[DATA EXTRACT — start]
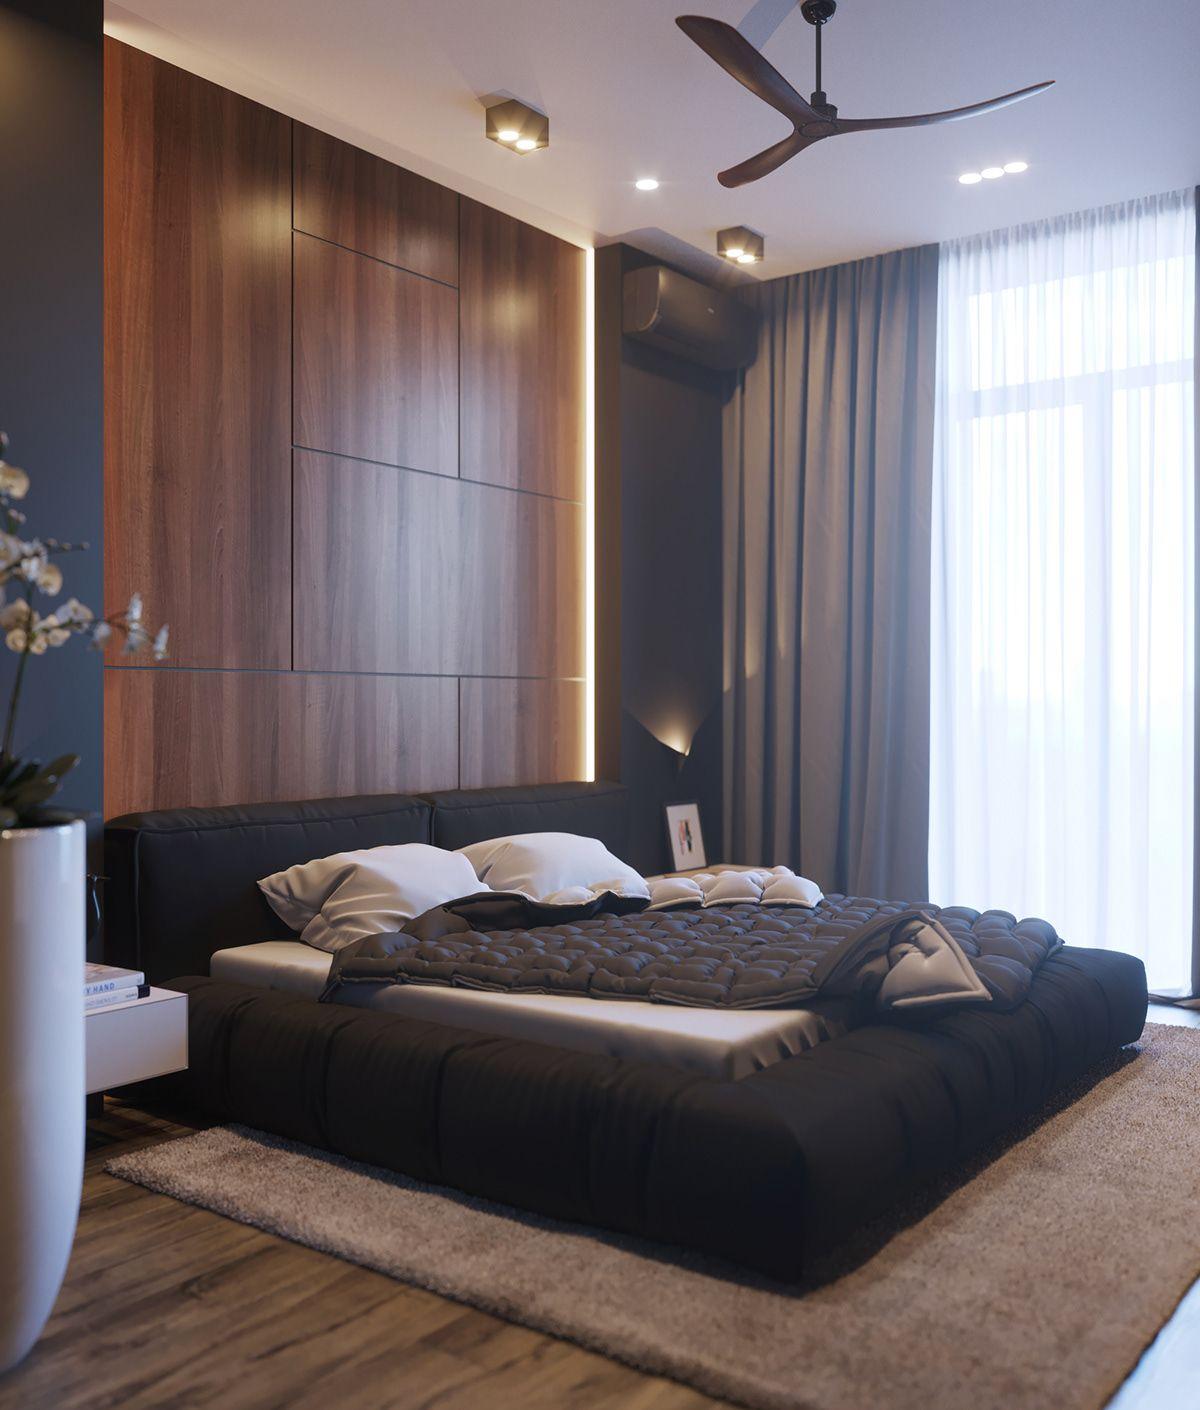 BLANC RESIDENCE on Behance   bedroom in 2019   Bedroom
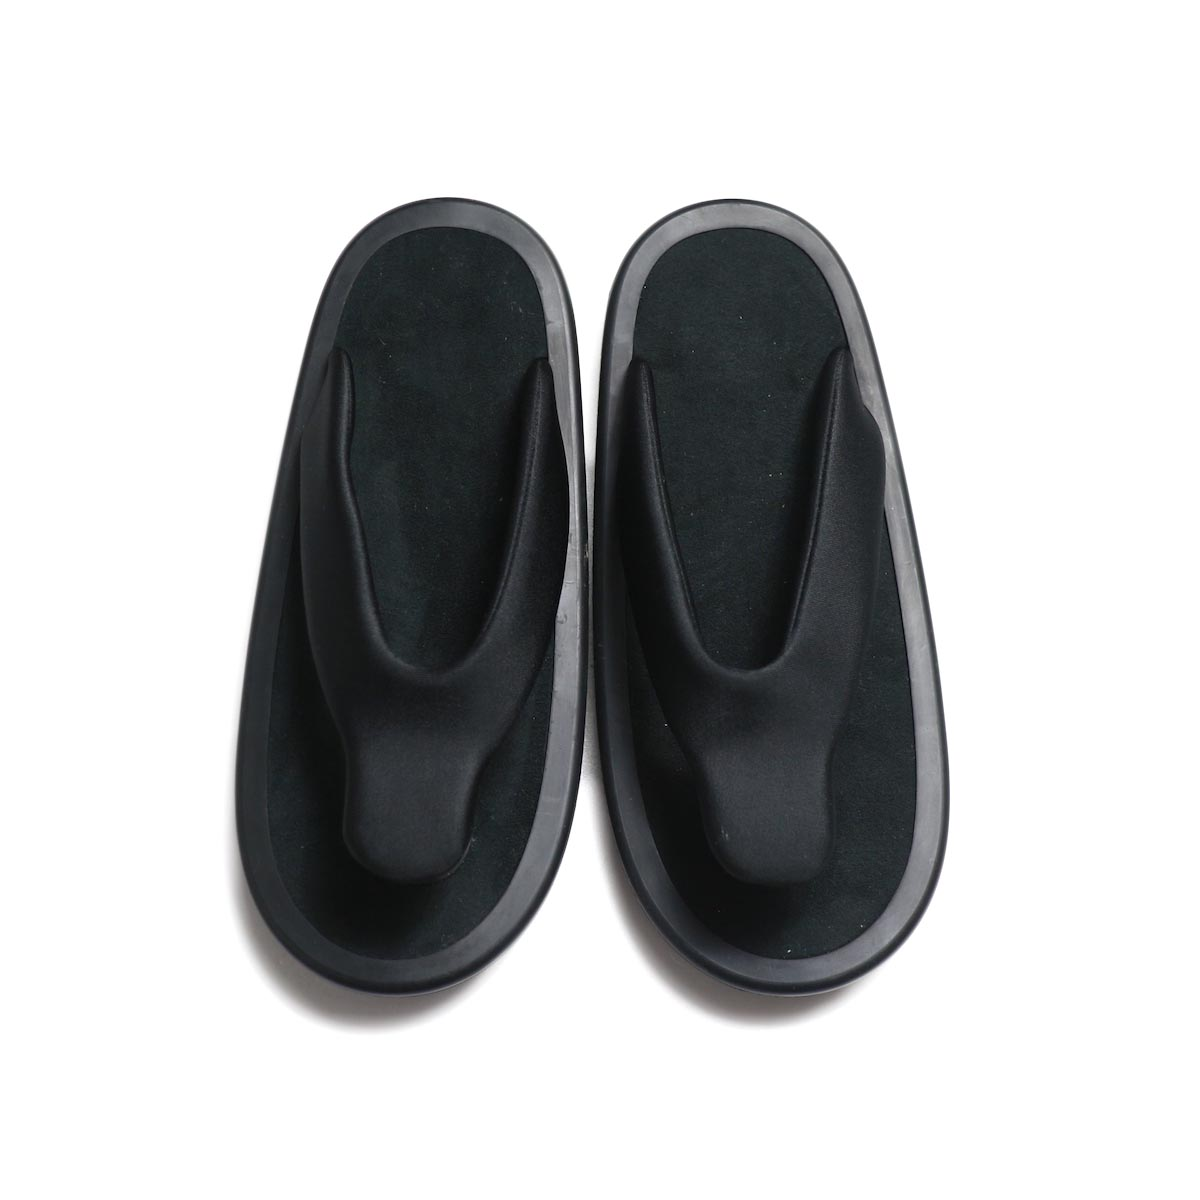 JOJO / SANDAL -Black (Black Suede) 正面
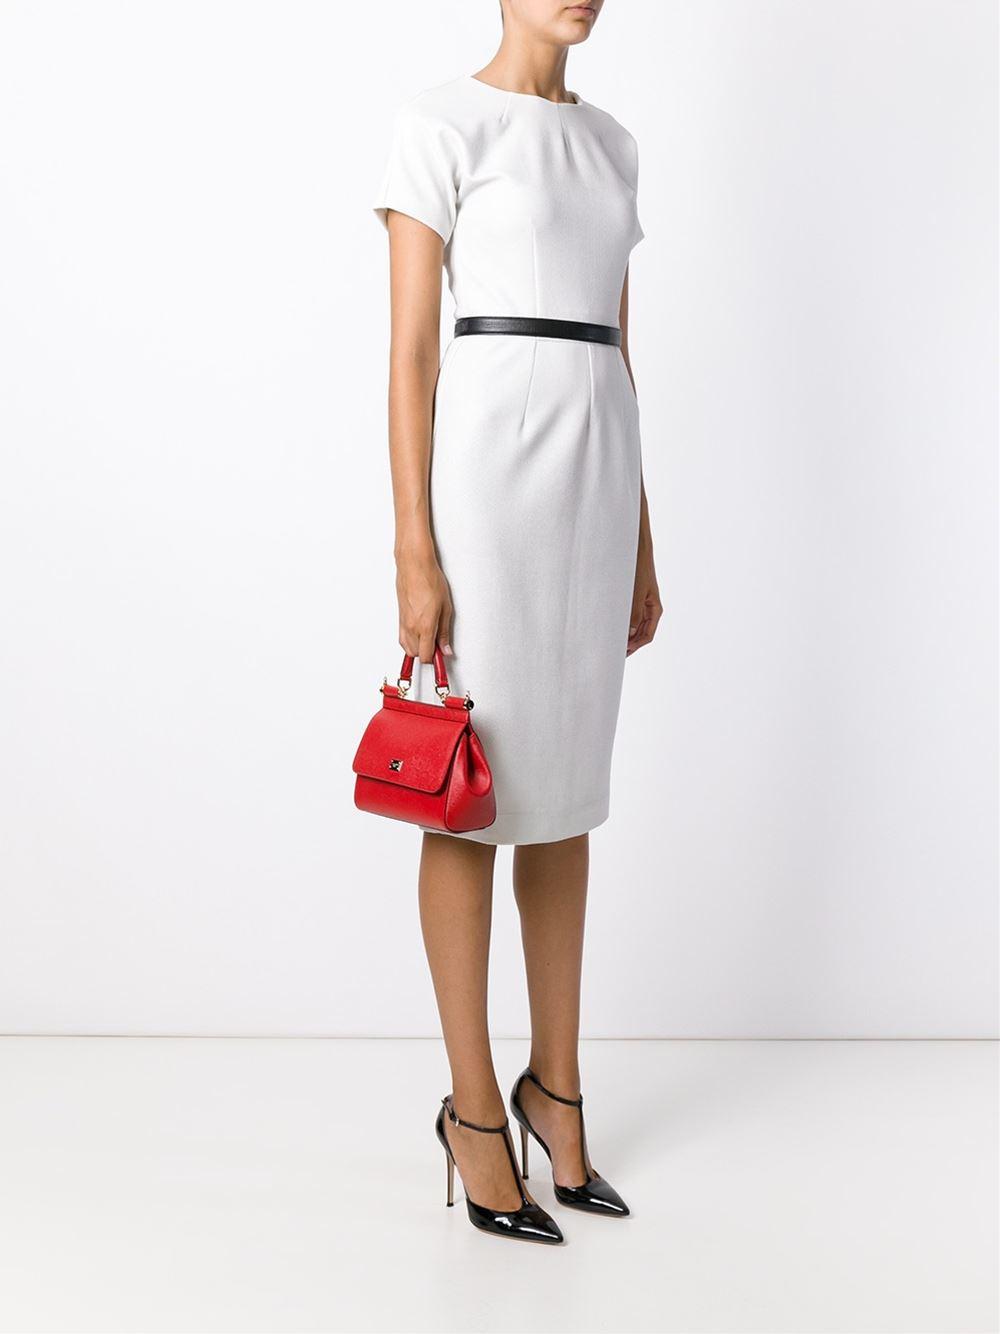 ee005ed0bf2 Dolce & Gabbana Miss Sicily Small Handbag in Red - Lyst
[DATA EXTRACT — finish]
◆ WHAT TO WORK ON ◆
Copy exactly, and only, the lines running from the one containing "JOJO / SANDAL -Black (Black Suede) 正面" through the final line of the data, and omit the pictures.

◆ OUTPUT OF THE TASK ◆
 JOJO / SANDAL -Black (Black Suede) 正面
 ee005ed0bf2 Dolce & Gabbana Miss Sicily Small Handbag in Red - Lyst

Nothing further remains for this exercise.